- Exercise details -
The required output is a verbatim transcription of the listing, pictures excluded.

--- Collected data Enclosed Below ---

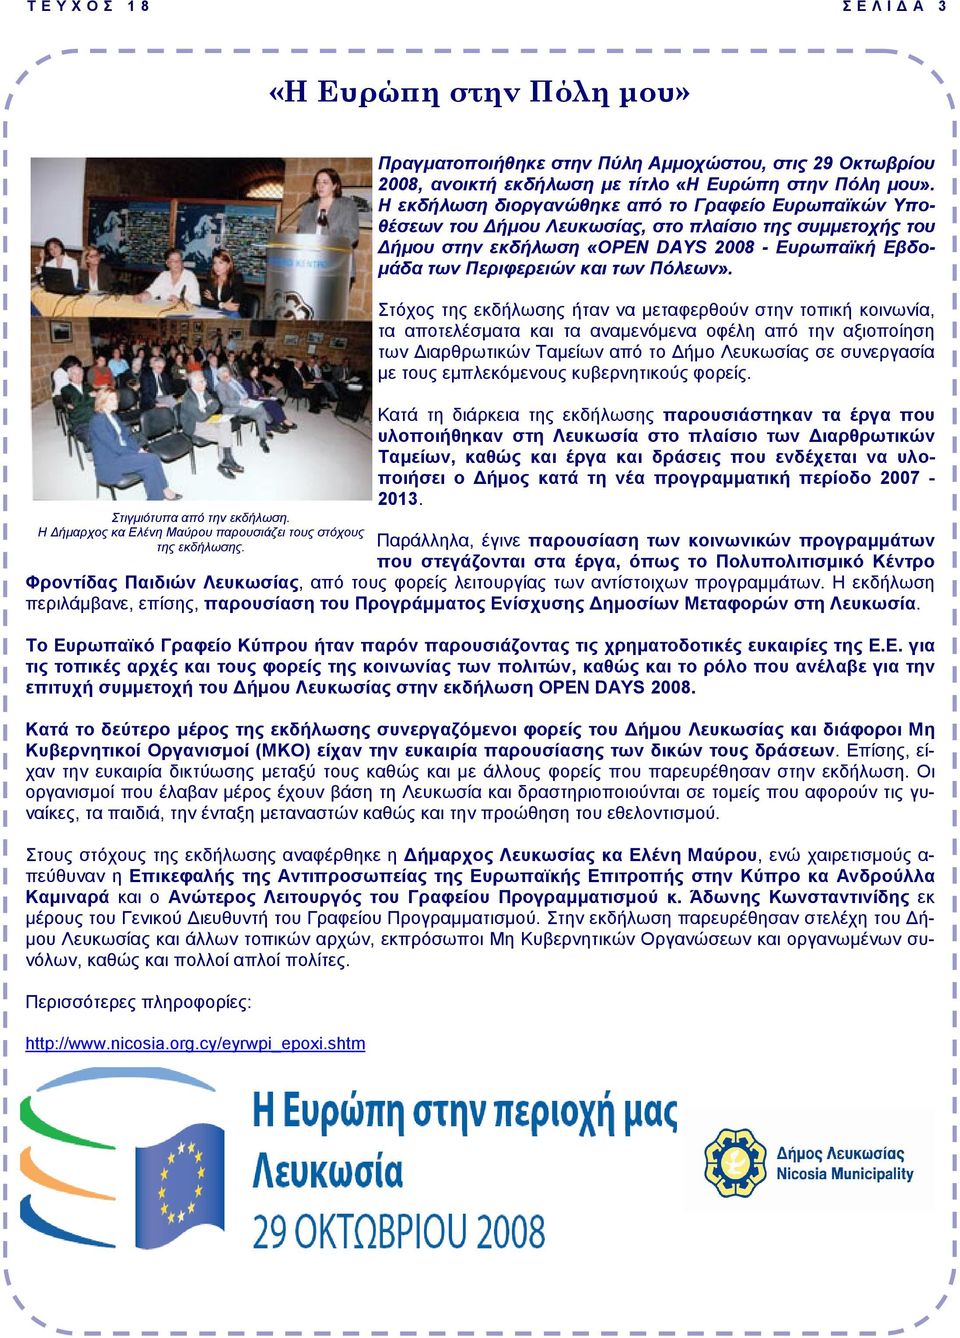 Η εκδήλωση διοργανώθηκε από το Γραφείο Ευρωπαϊκών Υποθέσεων του ήµου Λευκωσίας, στο πλαίσιο της συµµετοχής του ήµου στην εκδήλωση «OPEN DAYS 2008 - Ευρωπαϊκή Εβδο- µάδα των Περιφερειών και των
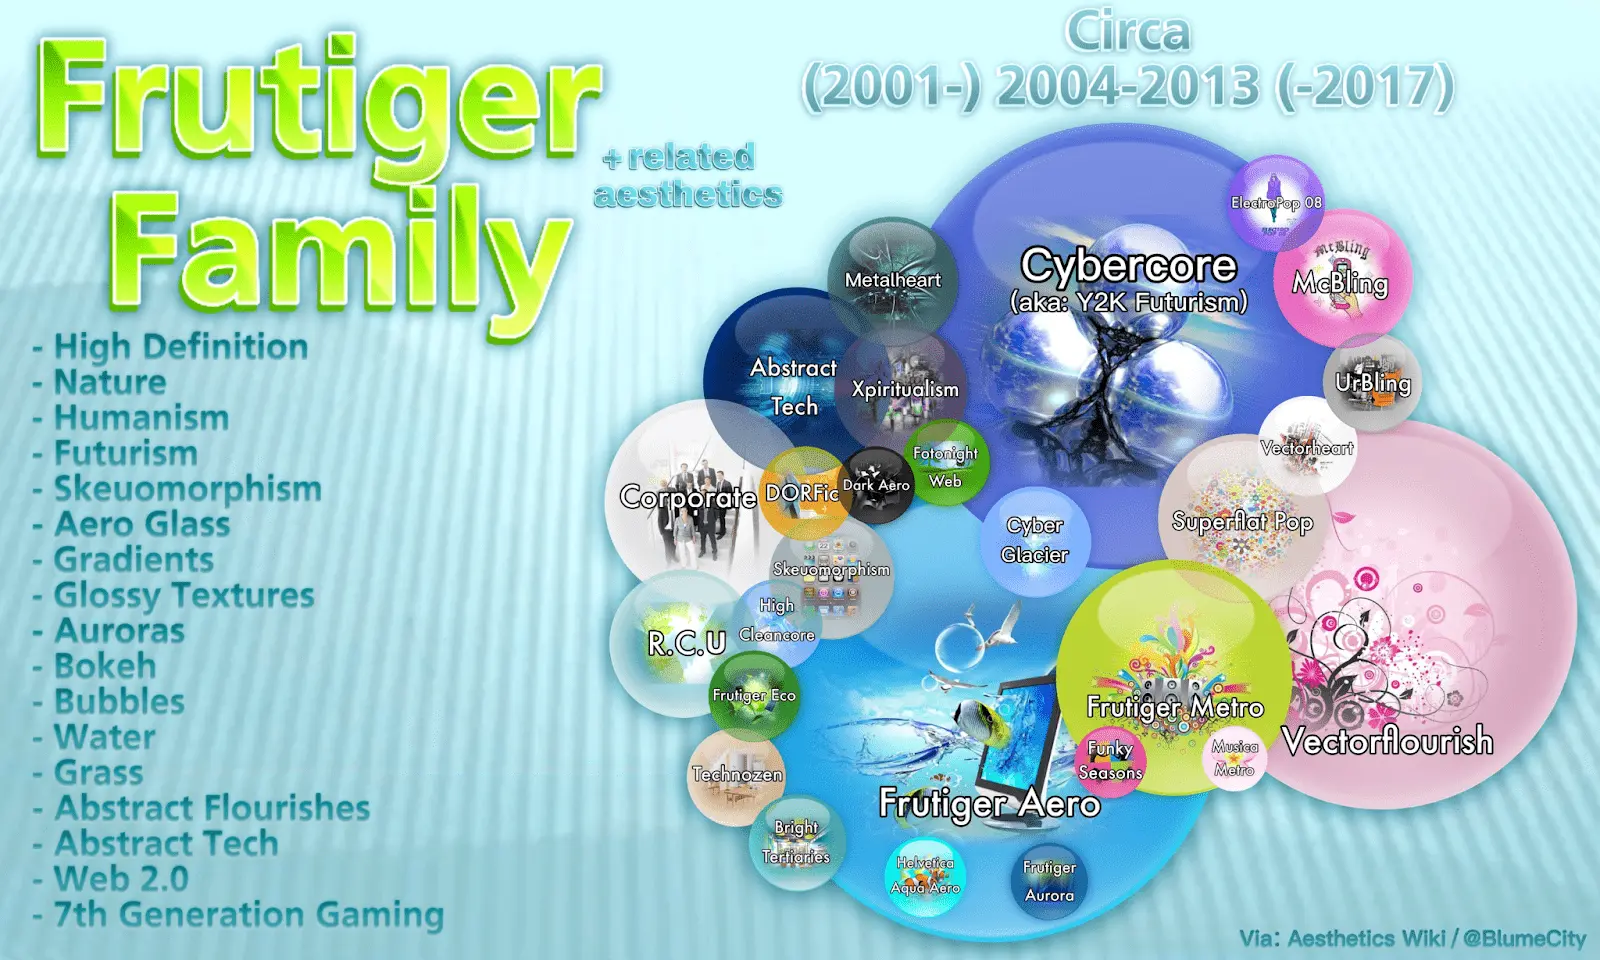 Un diagramma che mostra i vari sottogeneri ed estetiche correlate all'interno della famiglia Frutiger Aero
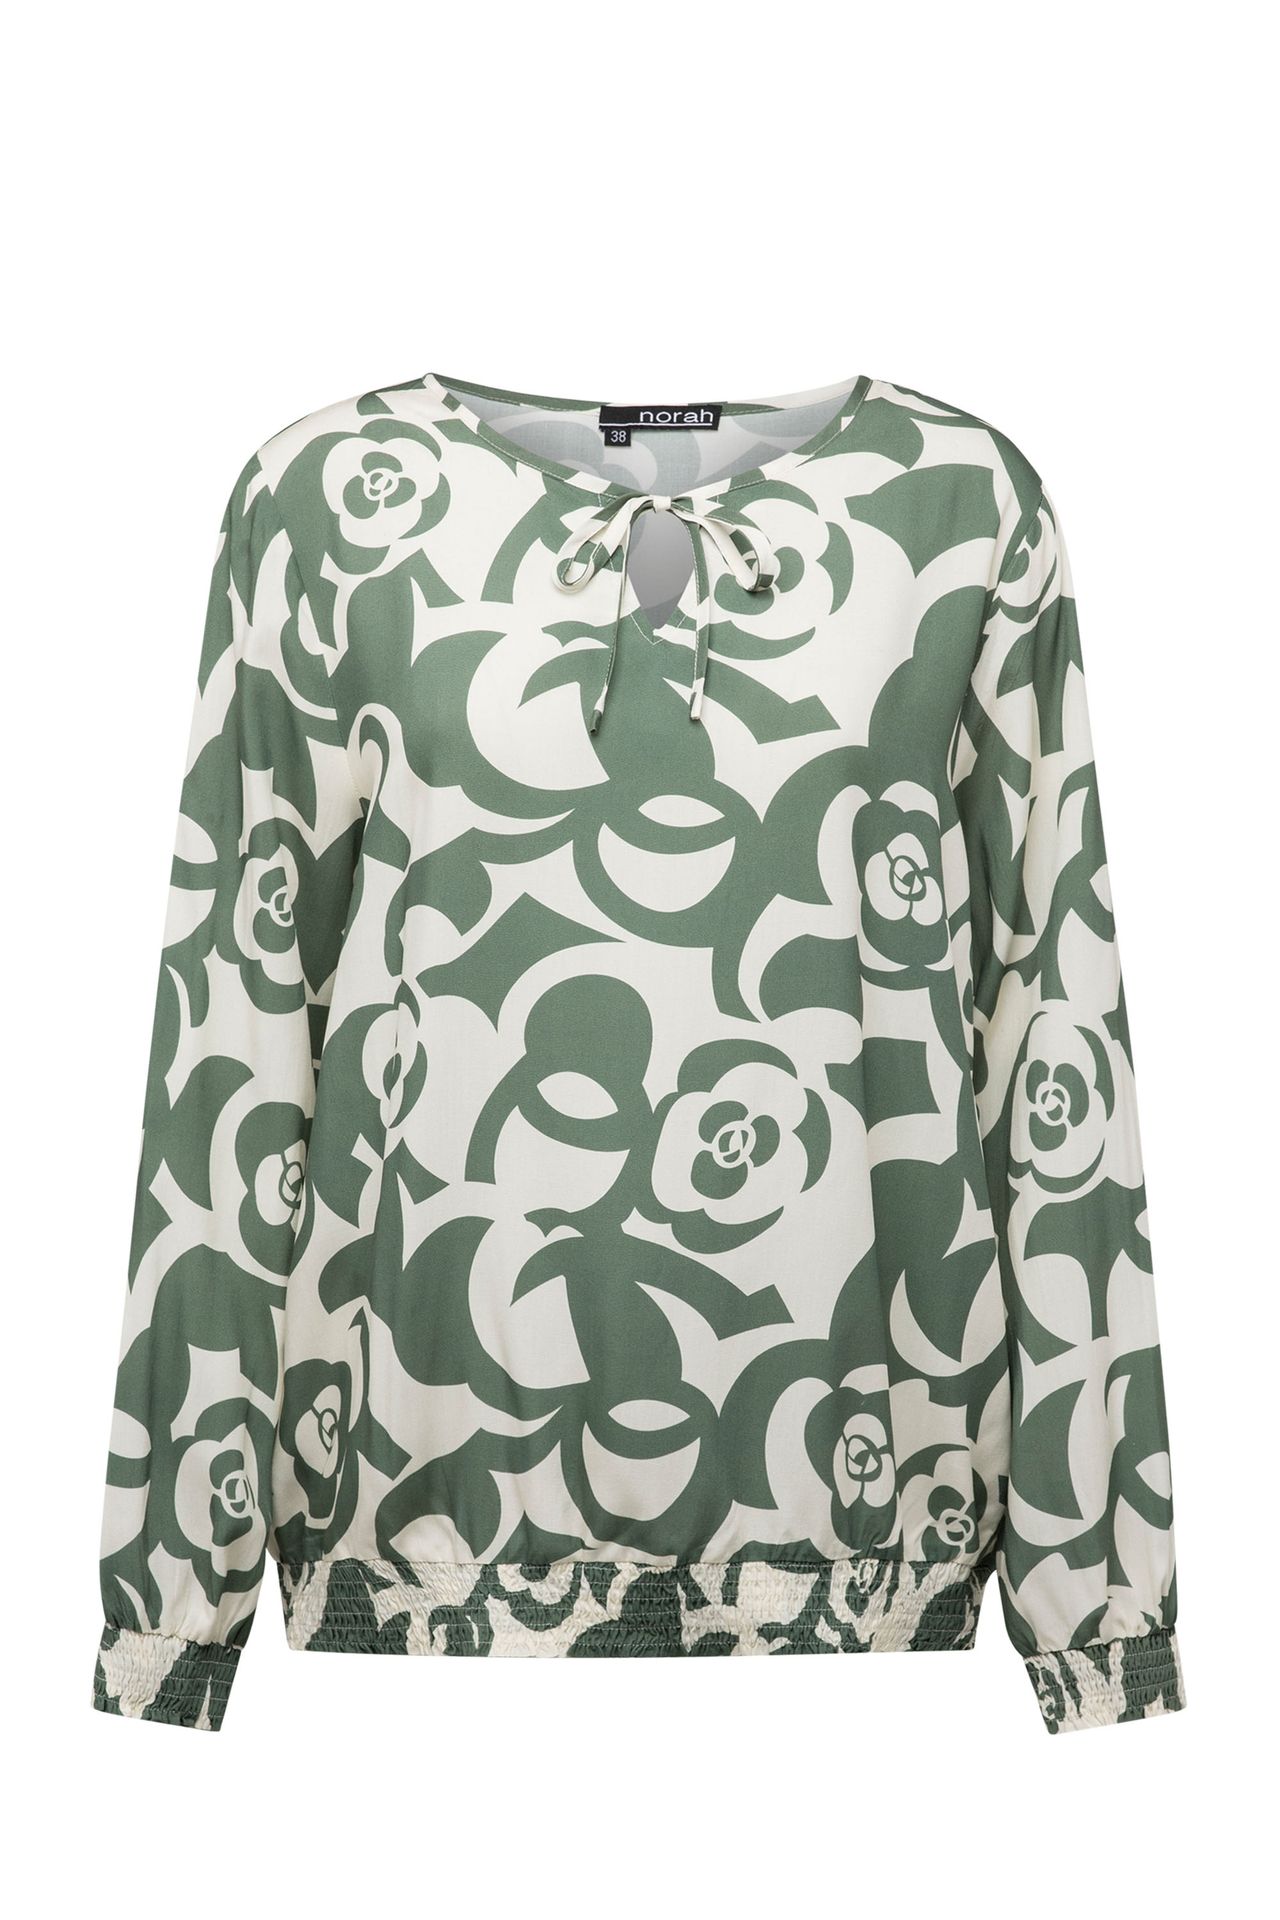 Norah Groene blouse met pofmouwen green multicolor 213861-520

--- End of Enclosed Collected data ---

- Task response -
 Η εκδήλωση διοργανώθηκε από το Γραφείο Ευρωπαϊκών Υποθέσεων του ήµου Λευκωσίας, στο πλαίσιο της συµµετοχής του ήµου στην εκδήλωση «OPEN DAYS 2008 - Ευρωπαϊκή Εβδο- µάδα των Περιφερειών και των
 Un diagramma che mostra i vari sottogeneri ed estetiche correlate all'interno della famiglia Frutiger Aero
 Norah Groene blouse met pofmouwen green multicolor 213861-520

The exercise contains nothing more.